Many activities of the human body involve the contraction of muscles. For instance, movement of the limbs, breathing activity, etc. The most complex and vital muscular activity of the human body is that of the heart, which functions as a pump and which, by contracting at the required times and in the required manner, controls the flow of blood throughout the body.
The heart is composed of different parts, which contract differently and with different timing, in order to permit the aforementioned pumping activity. The contraction of the heart is controlled by electric stimuli, which are generated at the cellular level by chemical reaction. However, it is well known in the art to control such activity, i.e., the timing of the contraction of the cardiac muscle, by the action of externally applied electric stimuli, through the so-called “pace maker”.
In a copending PCT patent application No. PCT/IL97/00012, filed Jan. 8, 1997, the specification of which is incorporated herein by reference, of which the inventors herein are also inventors, there is described a method and apparatus for modifying the force contraction of at least a portion of a heart chamber, which comprises applying a non-excitatory electric field, for a predetermined period of time, at a delay after activation.
In the aforesaid PCT patent application No. PCT/IL97/00012 and in another copending PCT/IL patent application of the same applicants herein, filed on the same day as the present application, entitled “Apparatus and Method for Controlling the Contractility of Muscles”, and identified as the specification of which is incorporated herein by reference, there is described a method and apparatus for decreasing the force contraction of at least a portion of a heart chamber, which comprises applying a non-excitatory electric field, for a predetermined period of time, at a delay after activation. The ability to reduce the contractility is of importance in a variety of situations, e.g., during surgery or as an aid in healing of hibernated areas of a heart after myocardial infarct.
The mechanical activity of excitable cells is directly connected to their electric activity. This is most evident in the activity of the heart, which has a relatively complex electric functioning which is responsible for pacing, contraction of various areas of the cardiac muscle, as well as to the organized consecutive or simultaneous contraction of various zones. Any disturbance in the electric function of the cells may severely affect, or even stop mechanical activities of the cell. Conduction problems are also related to a variety of congenital and acquired diseases. A detailed discussion of such phenomena can be found, e.g., in the book by Donald M. Bers, “Excitation-Contraction Coupling and Cardiac Contractile Force”, Kluwer Academic Publishers, Dordrecut, Boston, London, 1993.
Treatment of electrical cellular malfunctioning is mainly confined to systemic treatment, such as by drugs or, in some cases with heart diseases, a pace maker may be required. Localized treatment, such as local ablation, is also sometime attempted. However, there are several conditions that cannot be treated by localized treatment, unless the activity of the relevant muscle is totally blocked for a suitable period of time, in a reversible manner. One example of such a condition is ventricular fibrillation or ventricular tachycardia arrhythmias, which can be induced by abnormal activity localized in a susceptible area.

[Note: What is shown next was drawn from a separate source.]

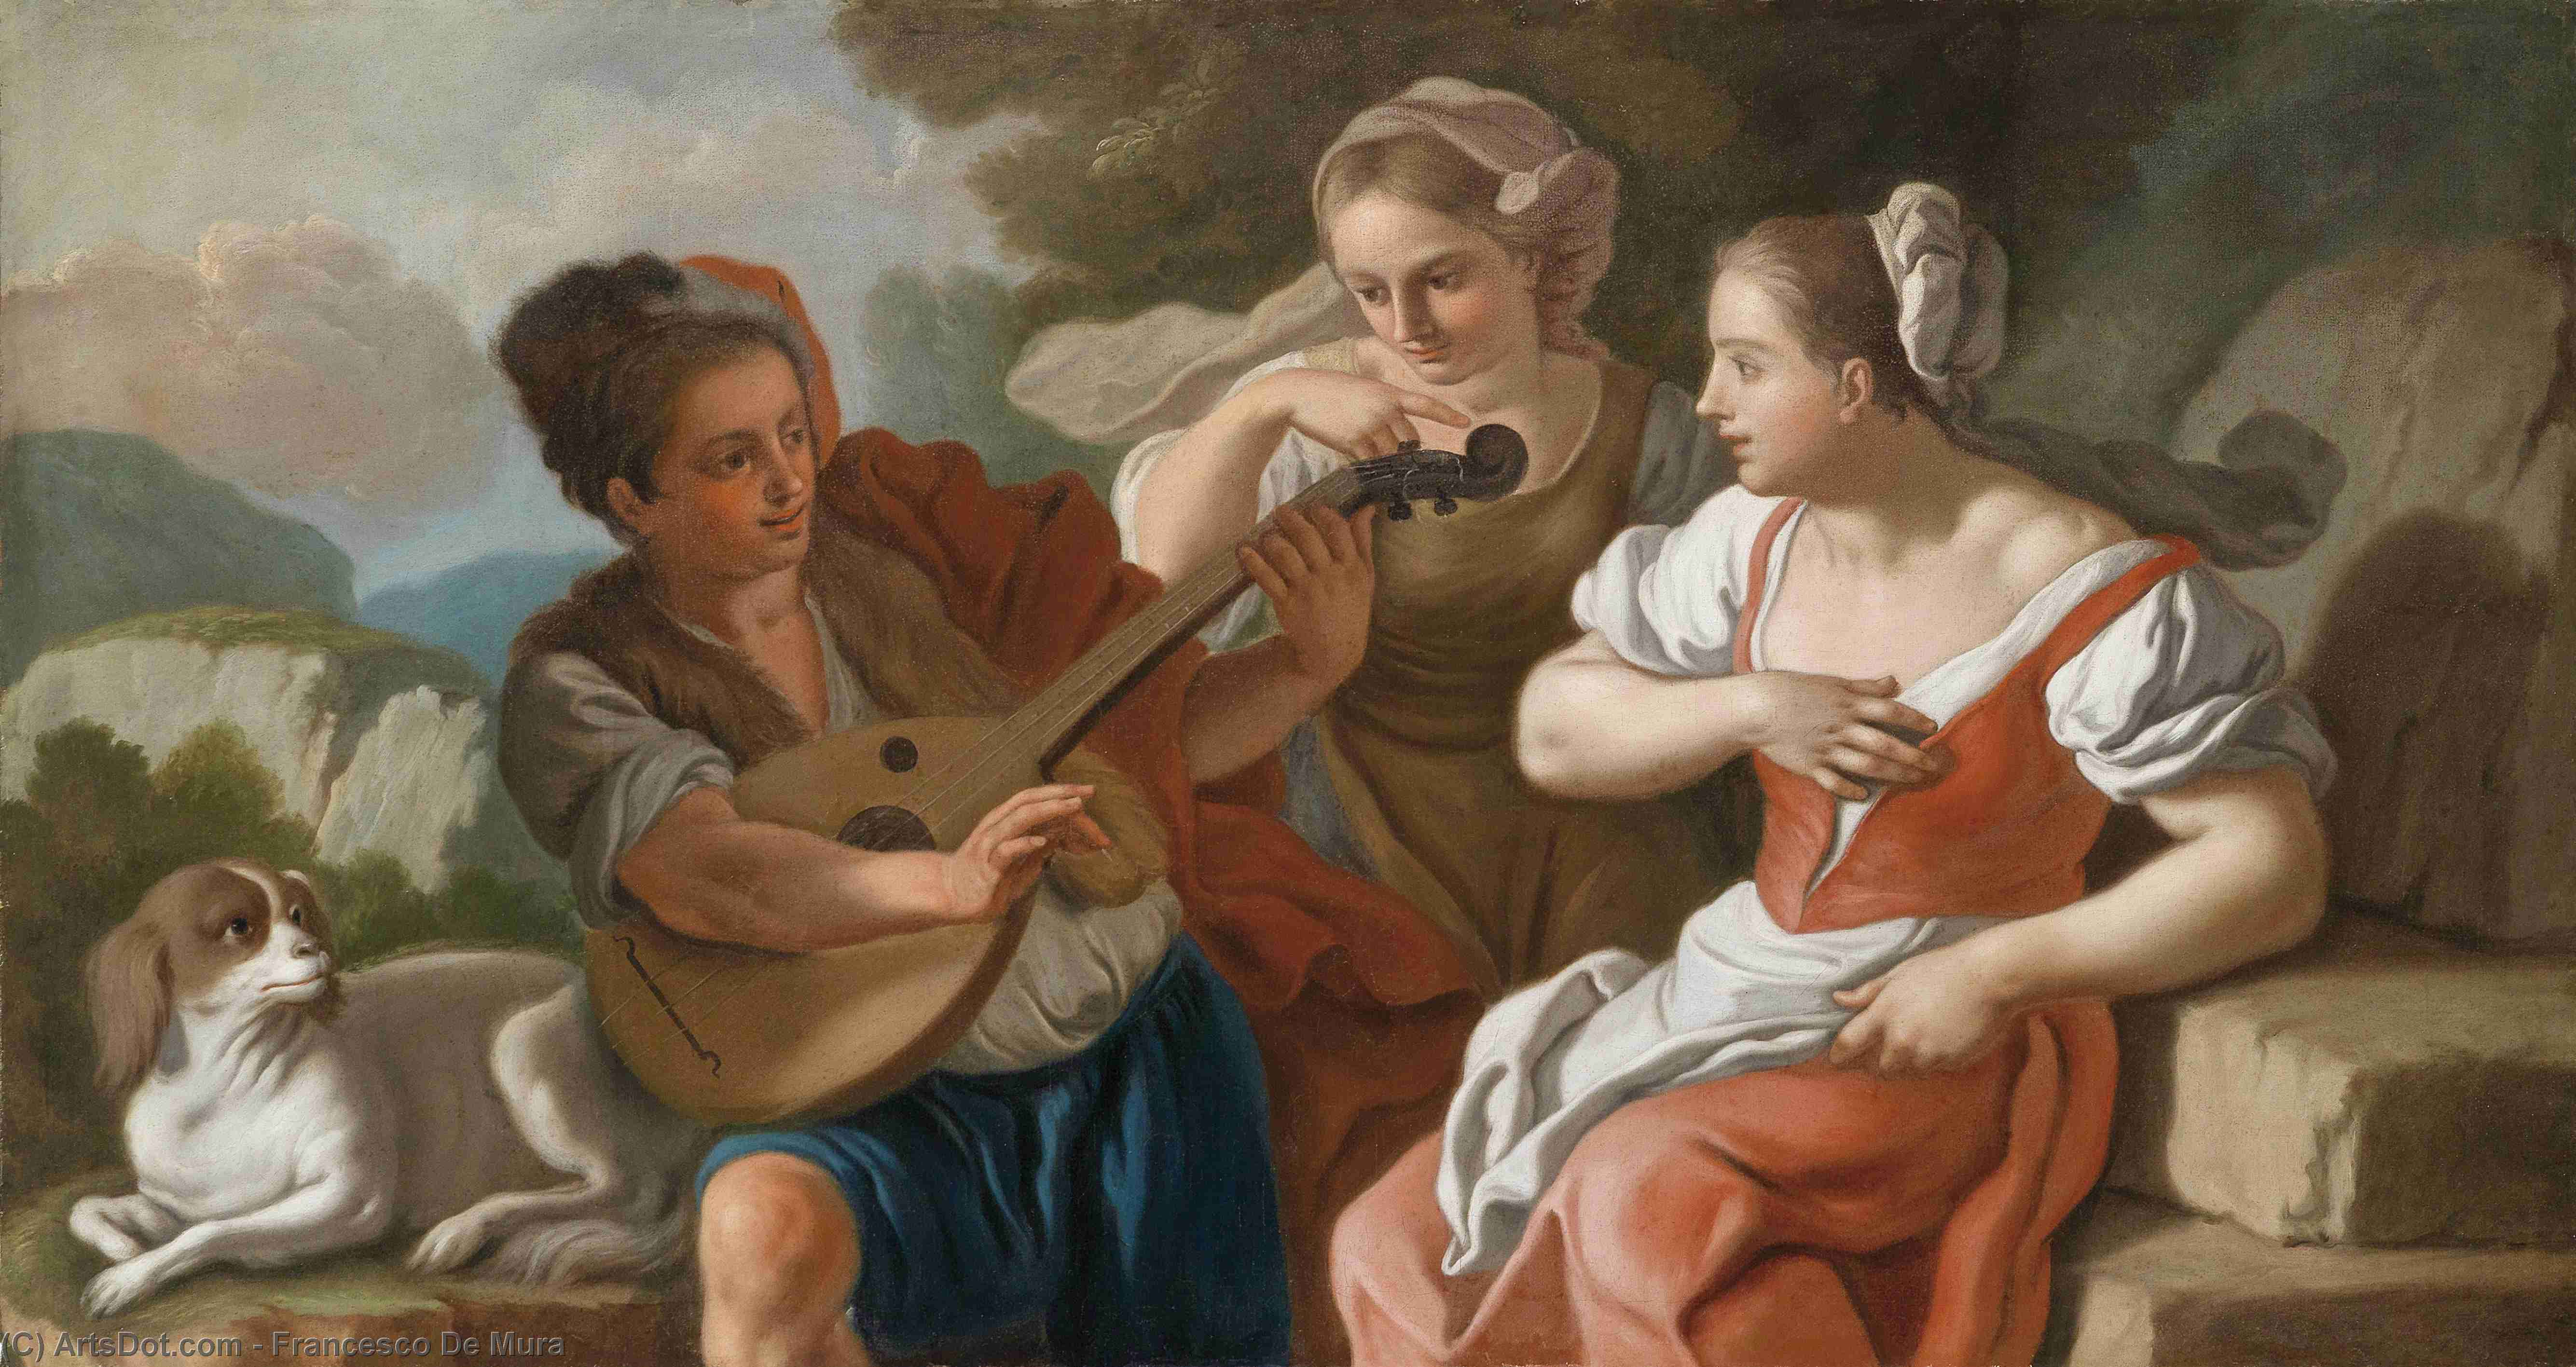 Wikioo.org - The Encyclopedia of Fine Arts - Painting, Artwork by Francesco De Mura - The lutenist

Another important tool in heart therapy is the use of defibrillators. Defibrillation is a process in which an electronic device helps reestablish normal contraction rhythms in a heart that is not functioning properly, by delivering an electric shock to the heart. Defibrillators can be external or internal (implanted or inserted). Typically, a defibrillator is designed to automatically detect episodes of bradycardia, ventricular tachycardia (VT), fast ventricular tachycardia (FVT), and ventricular fibrillation (VF). When an arrhythmia is detected, the device will deliver the programmed pacing, cardioversion or defibrillation therapy. The device typically has two electrodes which are implanted. The defibrillator, as said, stops arrhythmia by delivering an electric shock, which is a painful and harmful treatment, particularly if repeated often and, importantly, it is not a localized treatment, but rather it is applied to the whole cardiac muscle.
It has now been surprisingly found, and this is an object of the present invention, that it is possible to block the activity of a localized area of cells, such as a muscle (i.e., to carry out a “fencing”), in a reversible manner, and thus to block the cell's activity for a desired period of time.
It is an object of the invention to provide apparatus for carrying out the fencing of a desired tissue area having electric activity and thereby temporarily and reversibly blocking the activity of said area.
It is another object of the invention to provide a method for treating a patient suffering from a condition treatable by temporarily blocking the electric activity of a tissue.
It is yet another object of the invention to provide a method and apparatus useful in therapy, which can be exploited in treating a variety of conditions, such as epilepsy, arrhythmia, stooping ticks, and shockless defibrillation.
Other objects and advantages of the invention will become apparent as the description proceeds.